Well, I was supposed to fly to New York this morning to see my father. For months, we planned to go to the Rangers-Panthers game at MSG Sunday night with my uncle Brian. My uncle is a Rangers season ticket holder, and he mailed me the tickets in December, for whatever reason. Last week, everything changed. I was standing in the library in the bio section when my phone buzzed. It's my father and he's in hysterics. I rarely, if ever, hear him in such an emotional state. He told me Brian has colon cancer. So the plan became Dad and I going alone. Well, throw in the foot of snow that has halted any means of travel in the northeast this week. So much for that.

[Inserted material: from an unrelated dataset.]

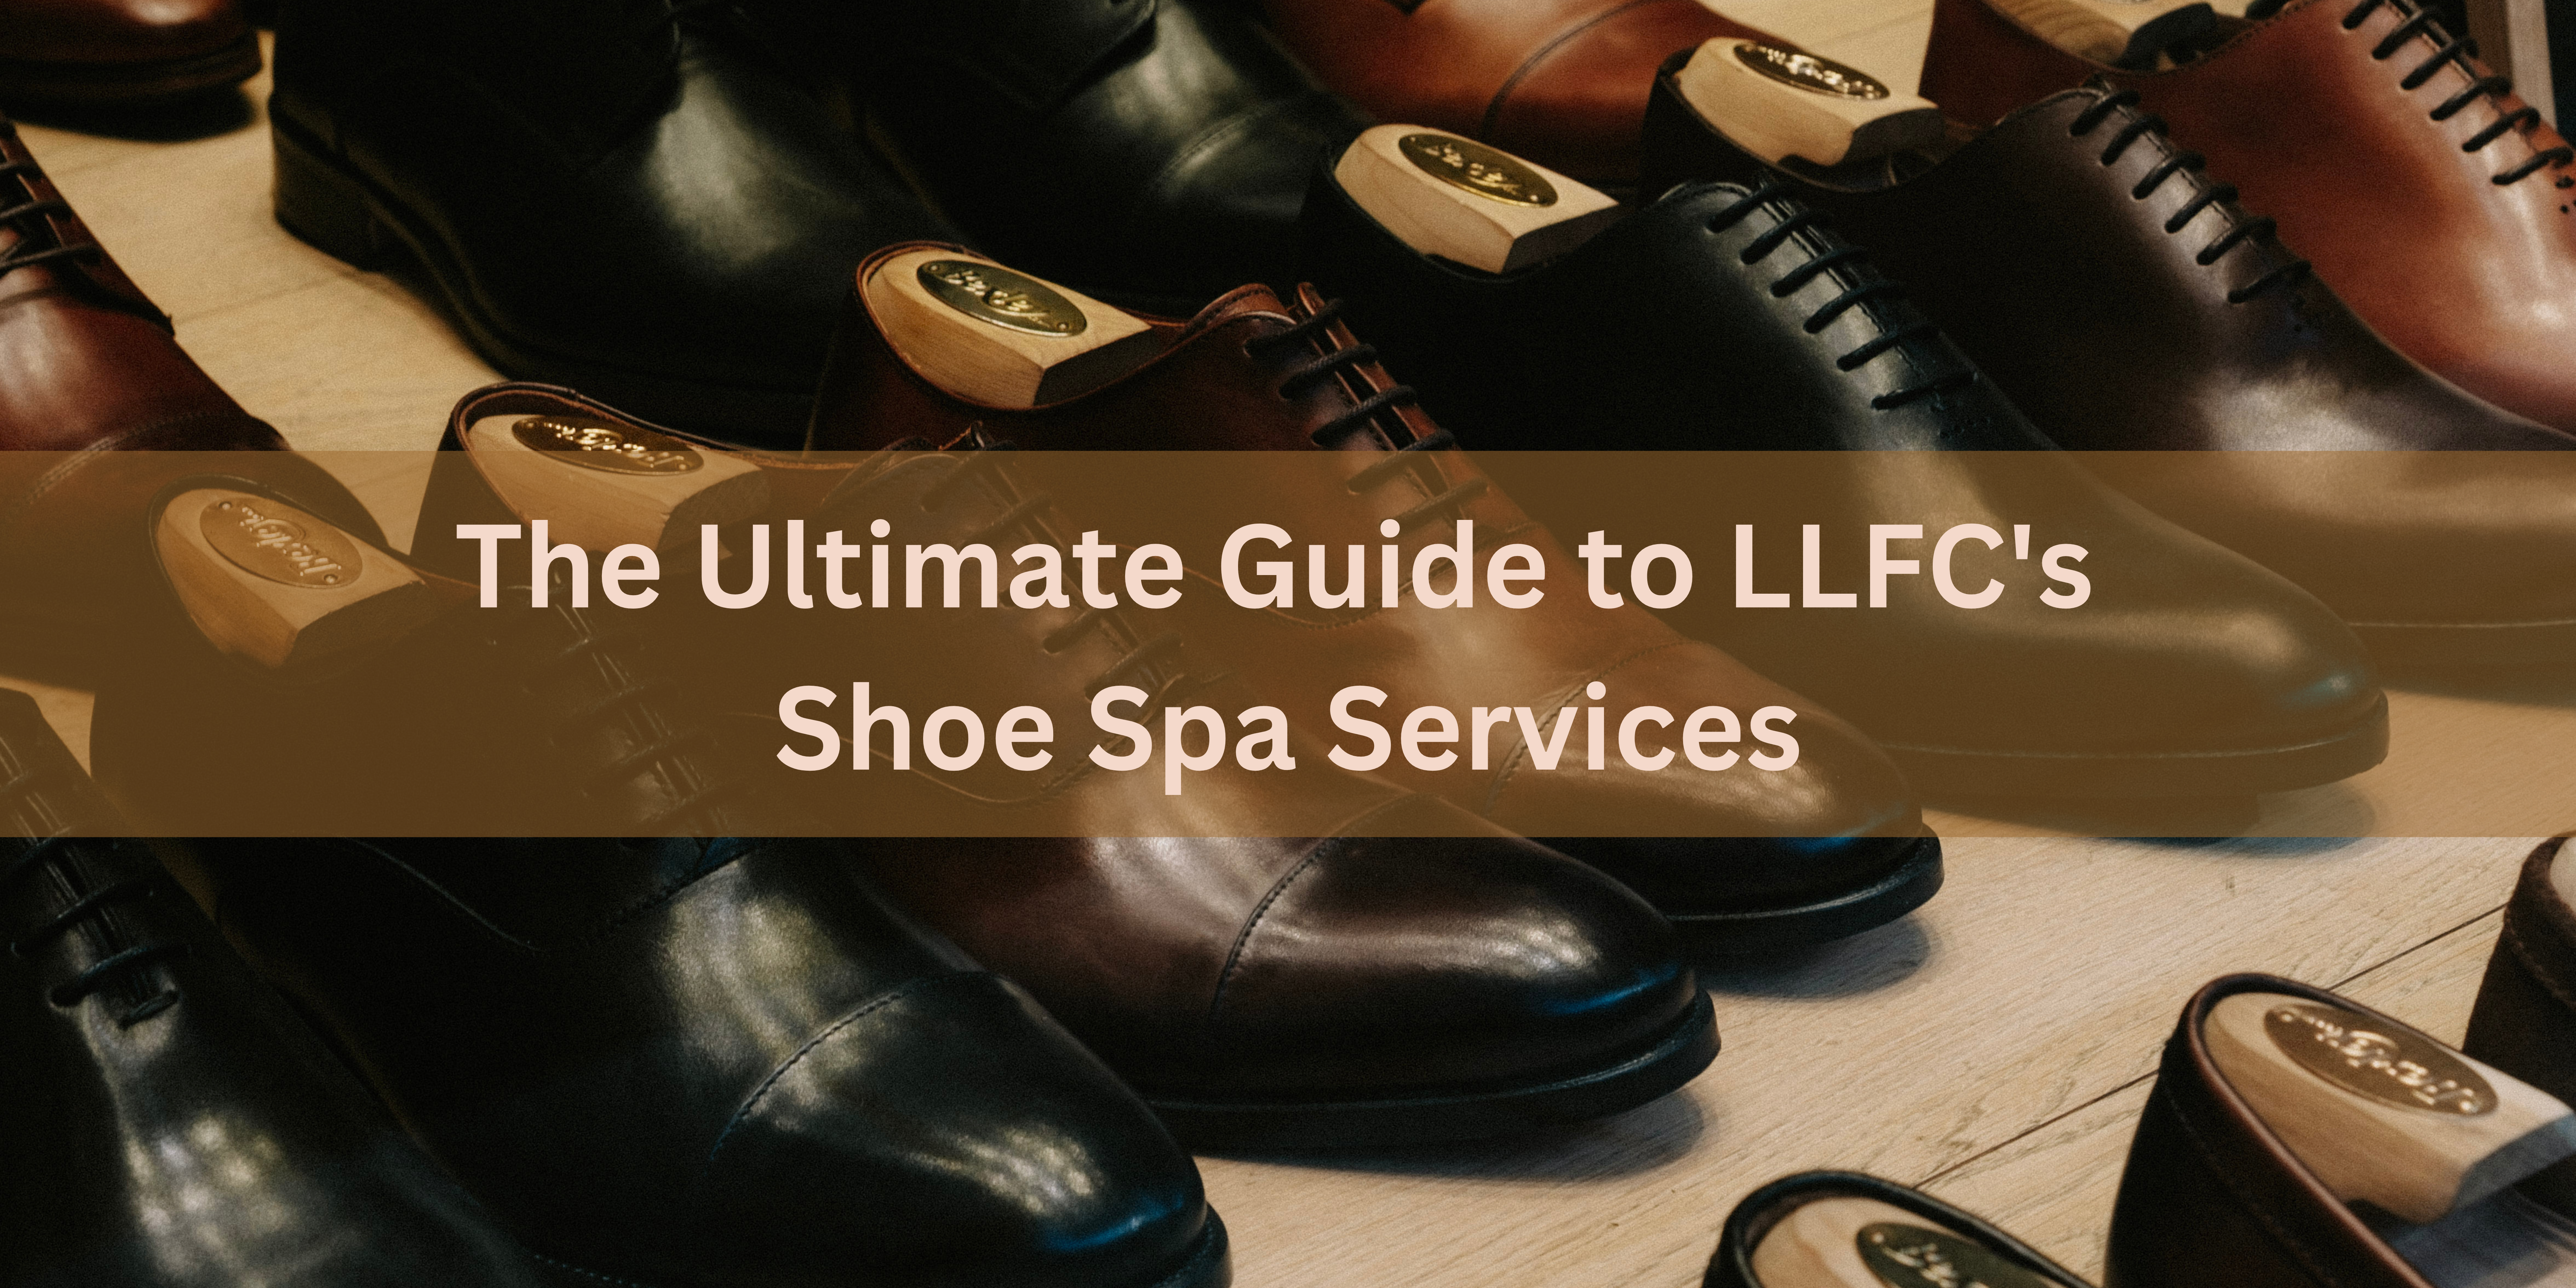 Shoe Spa Services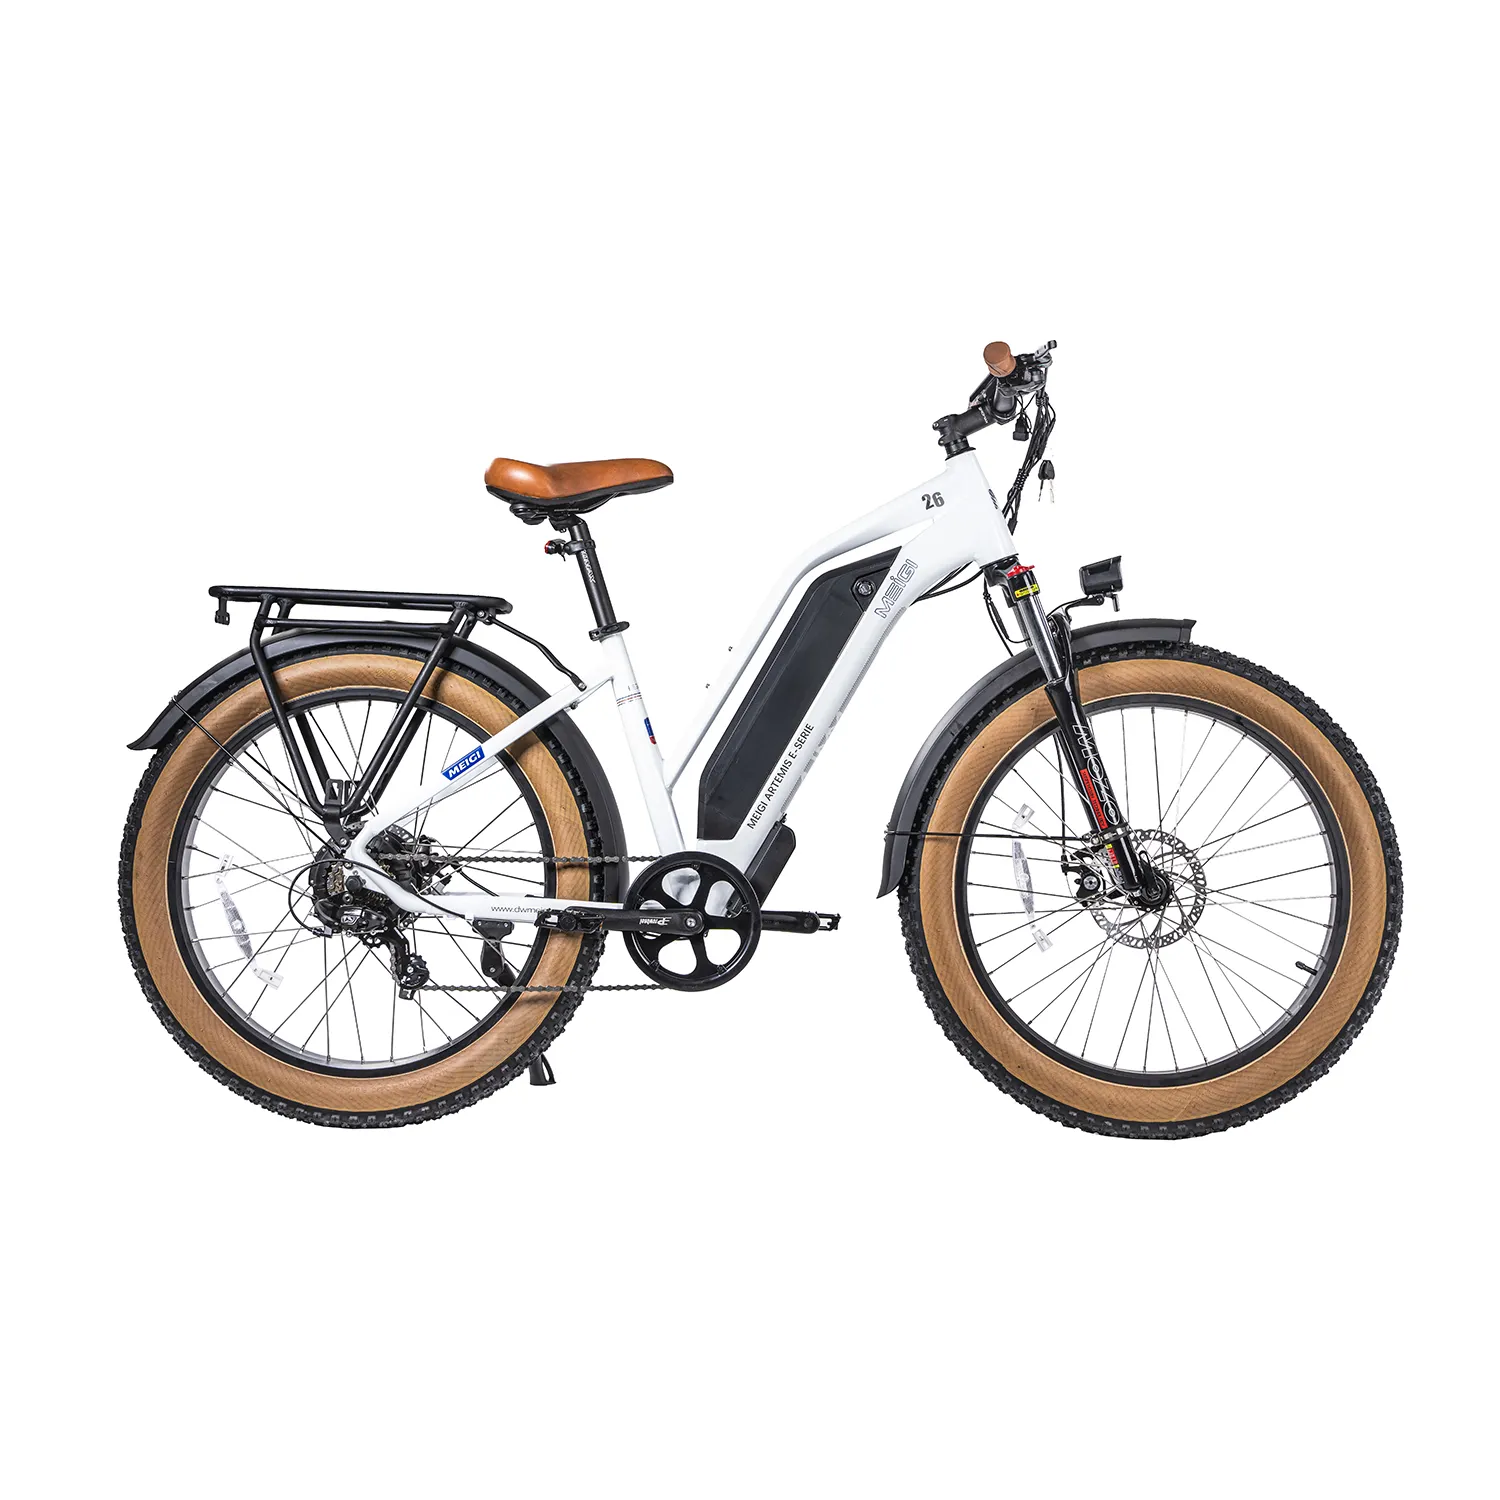 MEIGI fat tire electric bike 750w import electric mountain bike electric bike chinese factory directly shipping

Then on Friday, around 3:45, I'm working on my past due cash and I feel my phone go off again. It's Mom. She told me when the doctors operated on him, they found that the cancer had spread through Brian's liver. He was intensive care last night, though he was moved to a regular room today. Dad saw him and he looked ok. He didn't have a fever or any infections, but was in pain from where the doctors had cut him open. And he hasn't eaten solid food in almost a week, so he's lost a lot of weight. Apparently, he's going through another series of tests today. When these results come in about 5-7 days, they'll know exactly what Brian is facing and what kind of treatment they can try.
I'm just numb now. I don't speak to Brian once a week or once a month but we'd been e-mailing more often. I have as much respect for him as anyone in my family. He's smart, witty, upbeat, energetic, and the kind of glue that brings people together. He has that X-factor.
More than that, I worry for his family. Of course for Susan, his wife. But especially for Danielle, his daughter, my cousin at Cornell. They have a very tight relationship and I've heard she is doing absolutely terribly at this point. She's very quiet to begin with, I shudder to think what she will do if he goes this way.
And Dad. To think, he could lose both his parents and his only sibling inside a 2.5 year period.
Right now, I'm looking for any optimism. I've spent time on my knees, the Bible, inside dark, empty churches, in group settings with people I trust. All I can do his pray and support the family.